そして、金融機関引受分は発行後1年経過すると、そのほとんどを日銀が買い取った。個人や事業法人が取得した国債も、売却するには購入した証券会社に買い取ってもらうしかなく、流動性は低かった。1966~1976年の期間は、このように国債は発行されていたものの、流通市場はほとんど発達していなかった。

1971年のニクソンショック、1973年の第1次石油危機などを受け、その後の不況から抜け出すため、1975年以降は国債が大量発行されるようになる(国債大量発行時代)。国債が大量発行されるようになると、全額を日銀で買い取ることができなくなり、金融機関保有分の市中売却ニーズが高まった。
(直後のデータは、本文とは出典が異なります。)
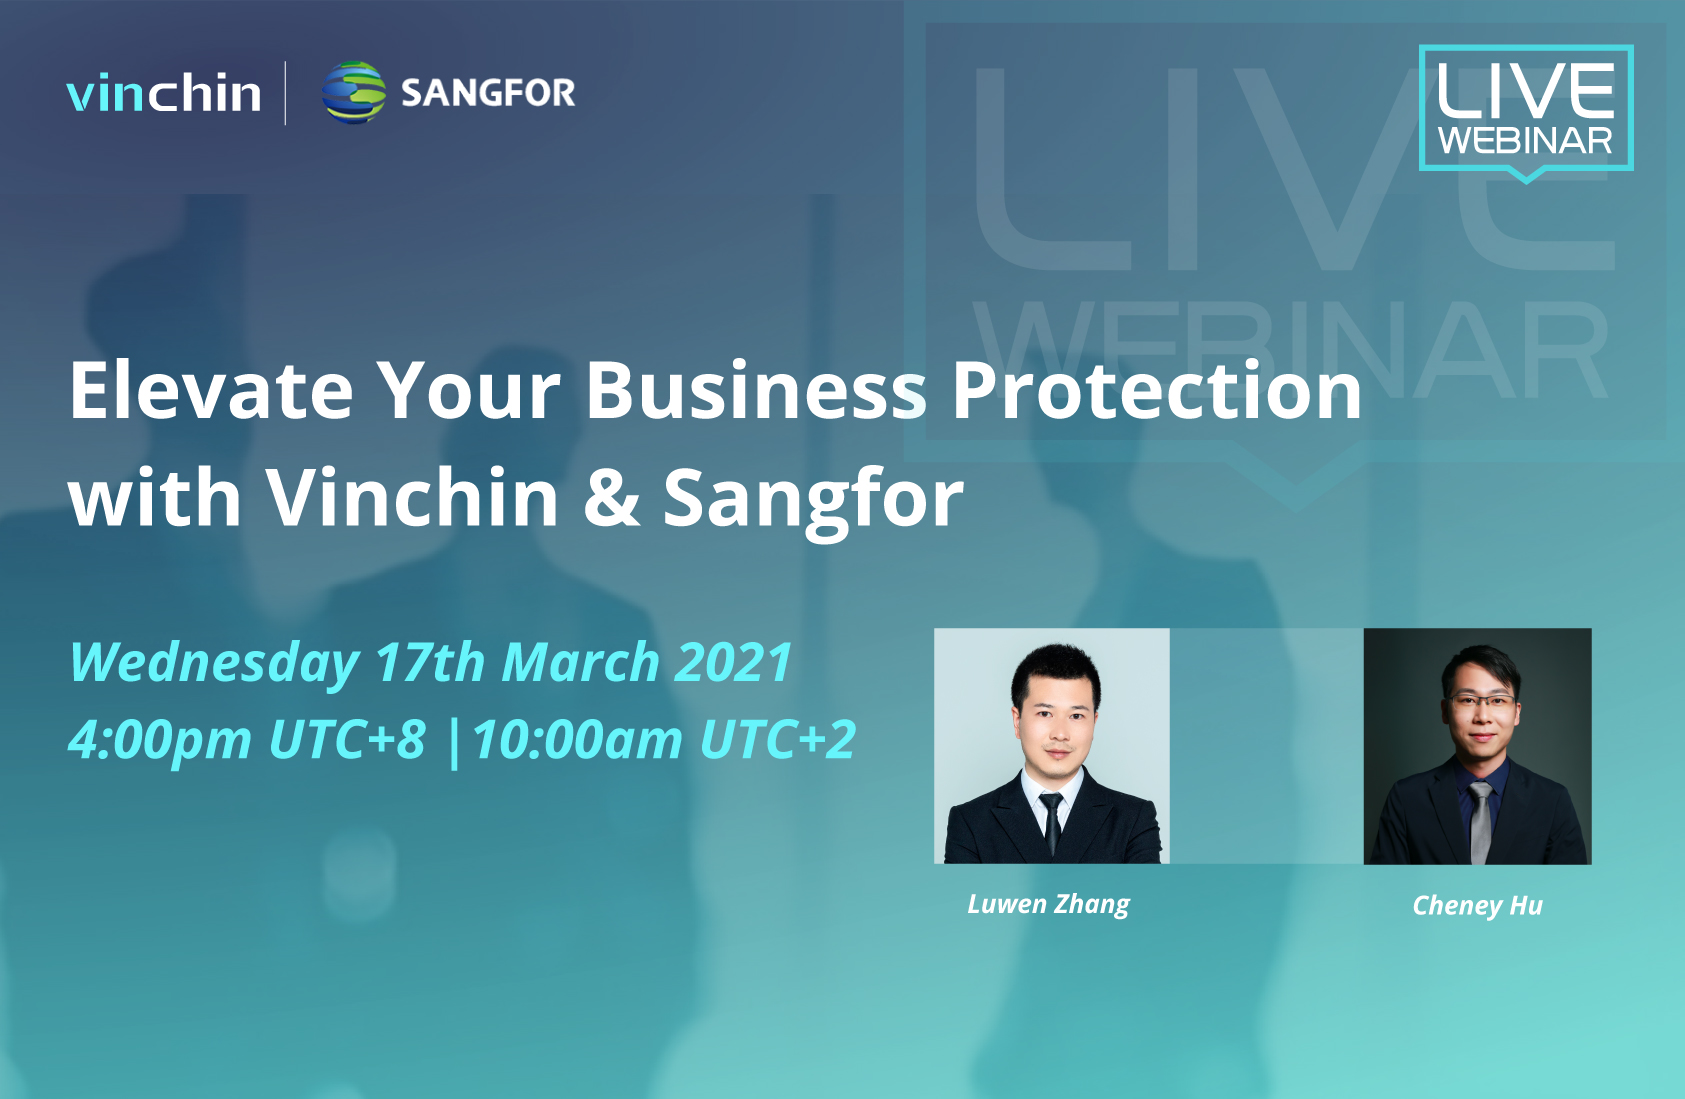 Vinchin × Sangfor | Podnieś ochronę swojego biznesu z Vinchin i Sangfor

1977年には金融機関保有分のうち、発行後1年経過した国債については市場で売却できるようになった。これをきっかけに、国債流通市場は拡大していった。しかし、この間も金融機関には発行後一定期間の売却制限があったことや、自己保有分を流動化(売却)することが中心であったことなどから、活発な売買が発生するまでにはならなかった。

一方で市場が活発に発展するよう、様々な試みが実施された。国債を大量に消化するためには、投資家ニーズに合う国債を発行する必要がある。そのため、様々な種類の国債が発行された。

1966年に発行された国債は期間7年であったが、1972年には期間10年の国債が発行された。そして、1977年以降は5年割引国債、3年中期国債、2年中期国債、4年中期国債、6年長期国債等、様々な種類の国債が発行されていくことになる(i)。

更に、金融機関が国債引受後、一定期間(1977年当初は1年)を保有しなければならない売却制限期間は、その後徐々に短縮されていく(完全撤廃は1995年)。

また、1983年には金融機関による募集取扱が開始された。これは金融機関の店舗を通じて個人などに国債を販売する仕組みで、より幅広い投資家に国債が売却されることになった。1977~1984年の期間は、このように様々な取組により市場が整備されていった。

1984年に金融機関による国債ディーリングが一部の年限(期間2年未満)において開始され、翌年の1985年には全年限の国債ディーリング(フルディーリング)が開始された。